Callebaut profit rises and partnership expansions
9 November 2010 – Barry Callebaut has reported a gain in full-year profit that beat analysts’ estimates. Net income in the 12 months through August rose 11% to 251.7 million Swiss francs (€188m).
The market for chocolate will probably expand 1-2% worldwide this fiscal year, compared with the long- term average of 2-3% growth, the Swiss company said.
“With regard to the economic situation, we are cautiously optimistic,” said chief executive officer Juergen Steinemann on a conference webcast.
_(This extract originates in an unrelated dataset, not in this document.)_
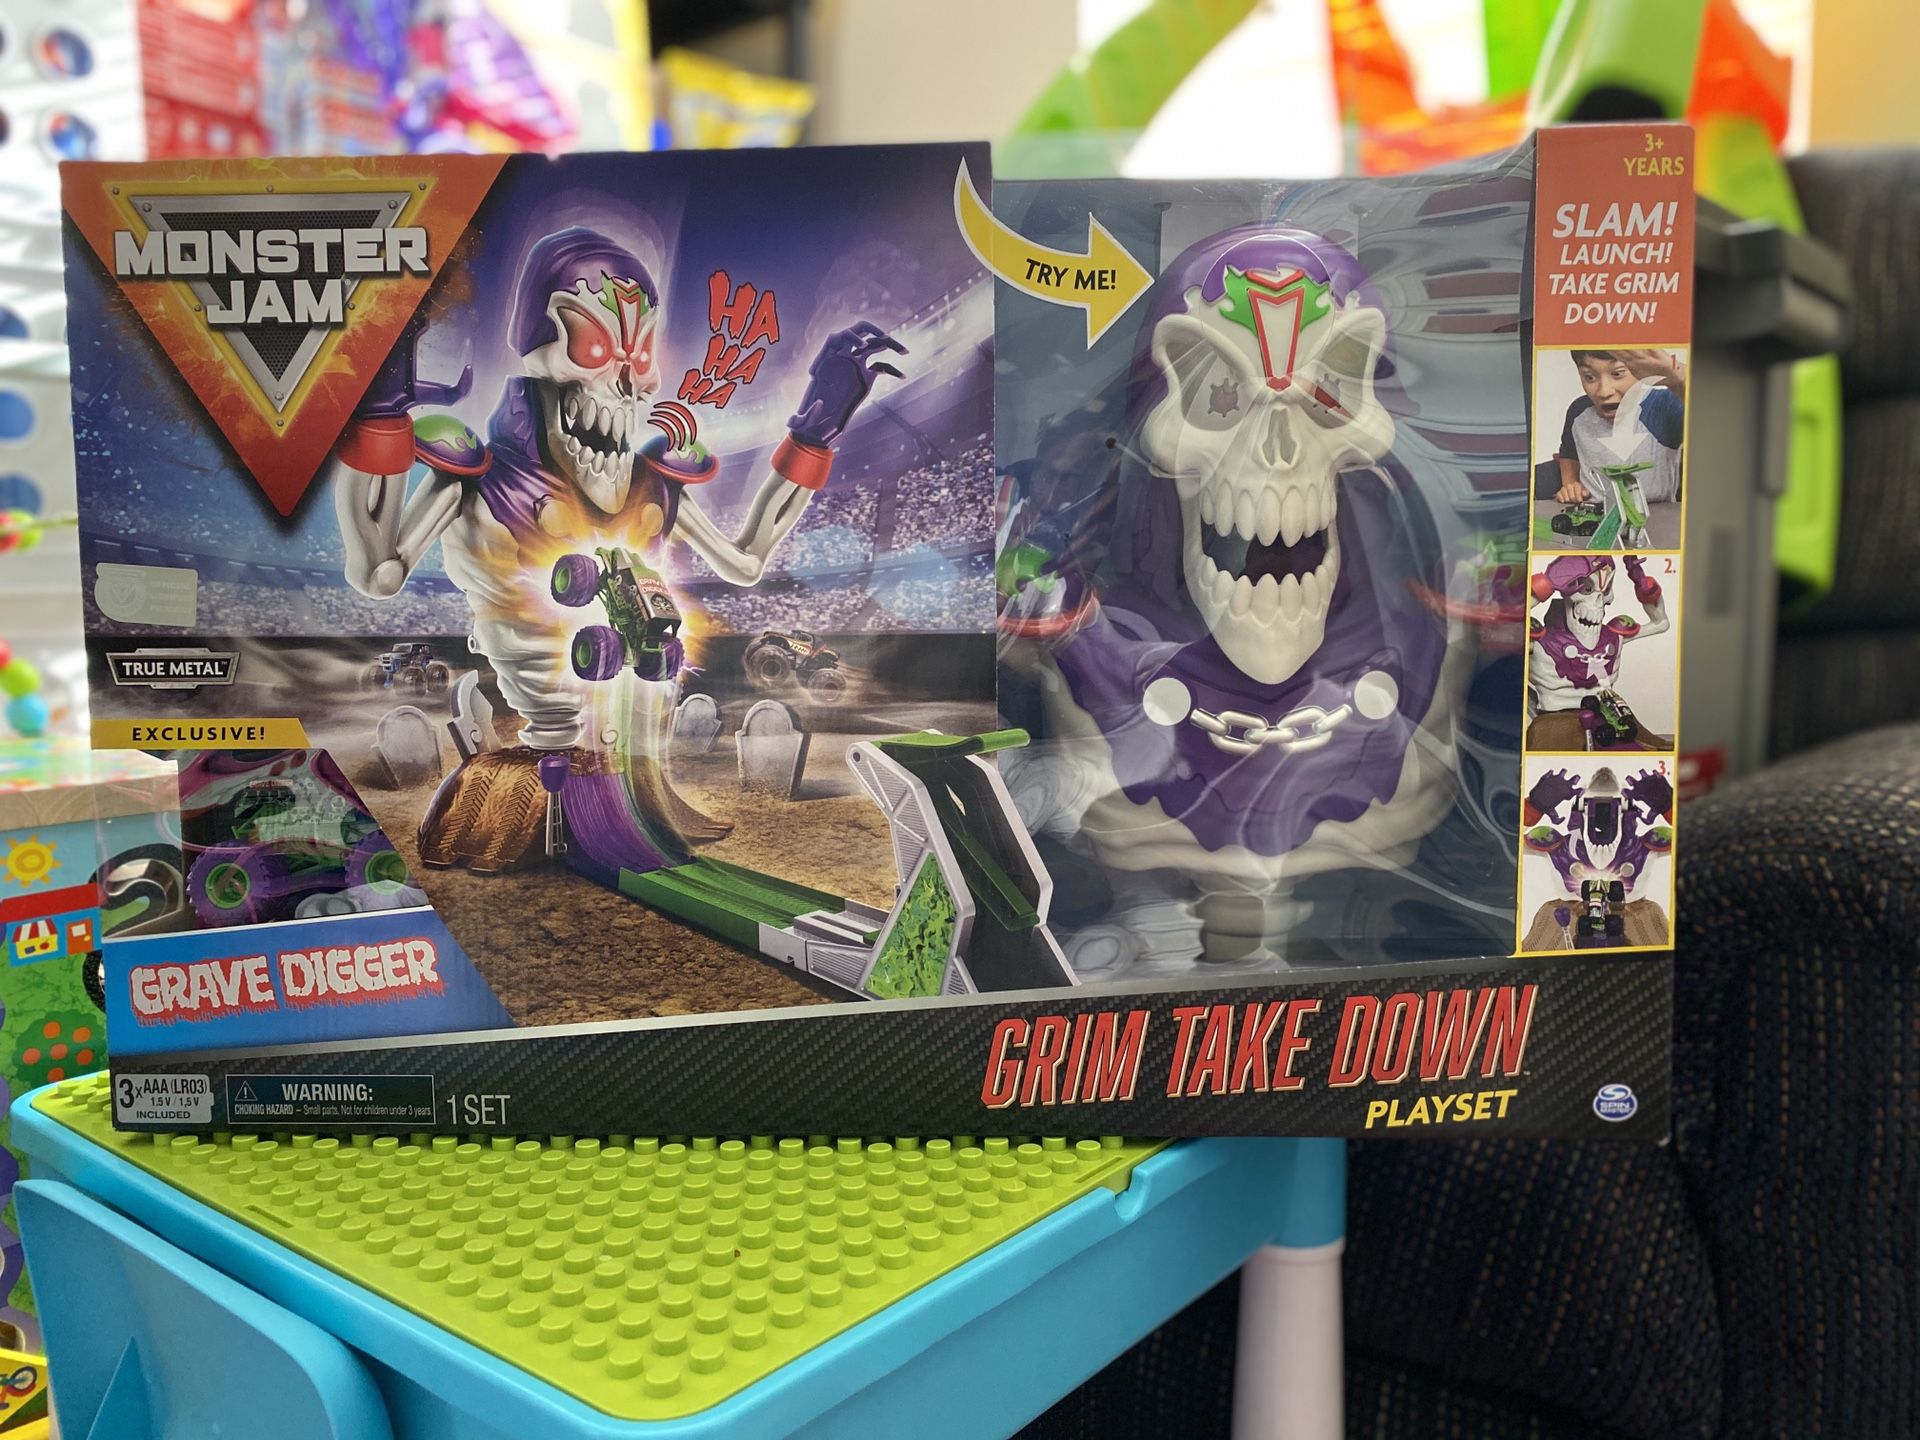 Monster Jam Grim Take Down Playset $35
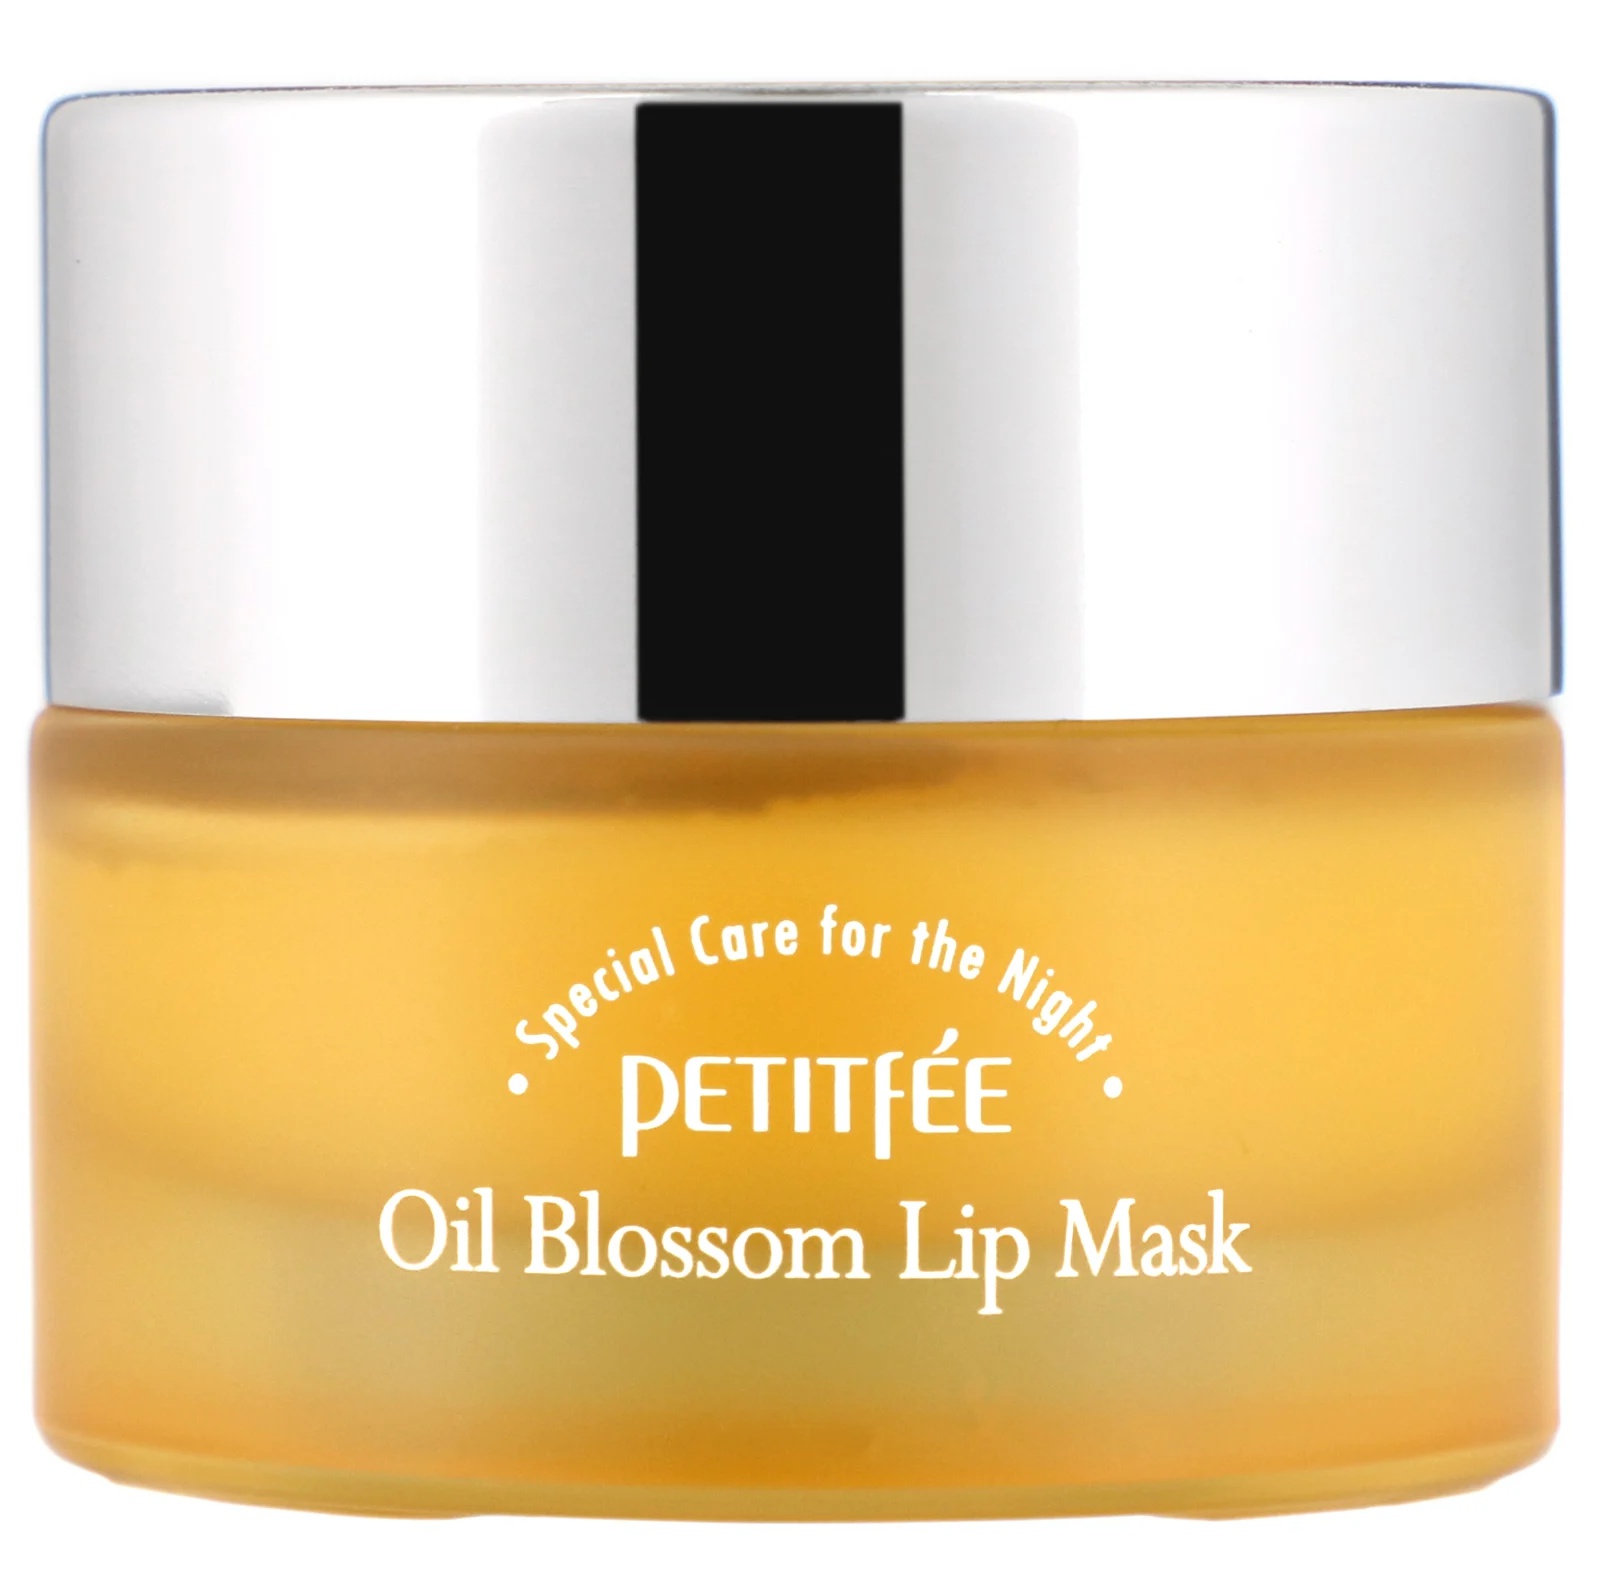 Petitfee Oil Blossom Lip Mask, Night Care, Sea Buckthorn Oil

The company also plans to expand its strategic partnerships with local food manufacturers in order to “tap into the full potential” of emerging markets, Steinemass also noted. “This agreement confirms the trend towards outsourcing and strategic partnerships in the chocolate industry.”
In September, Callebaut secured a long-term supply contract with Kraft Foods, which saw the firm invest €51m to expand production capacity in North America, the Ivory Coast, Malaysia and Europe, more than doubling its existing business with the US food group.
The company aims to double volume by the year through August 2015 at the gourmet unit, whose competitors include Valrhona, Felchlin and Belcolade. Acquisitions that would allow Callebaut’s industrial bulk division to enter more emerging markets might also be of interest, Steinemann said.
Callebaut also plans to separate its European consumer unit by the end of the year to make the division easier to sell. However, the company noted that it is not “under pressure” to sell the division.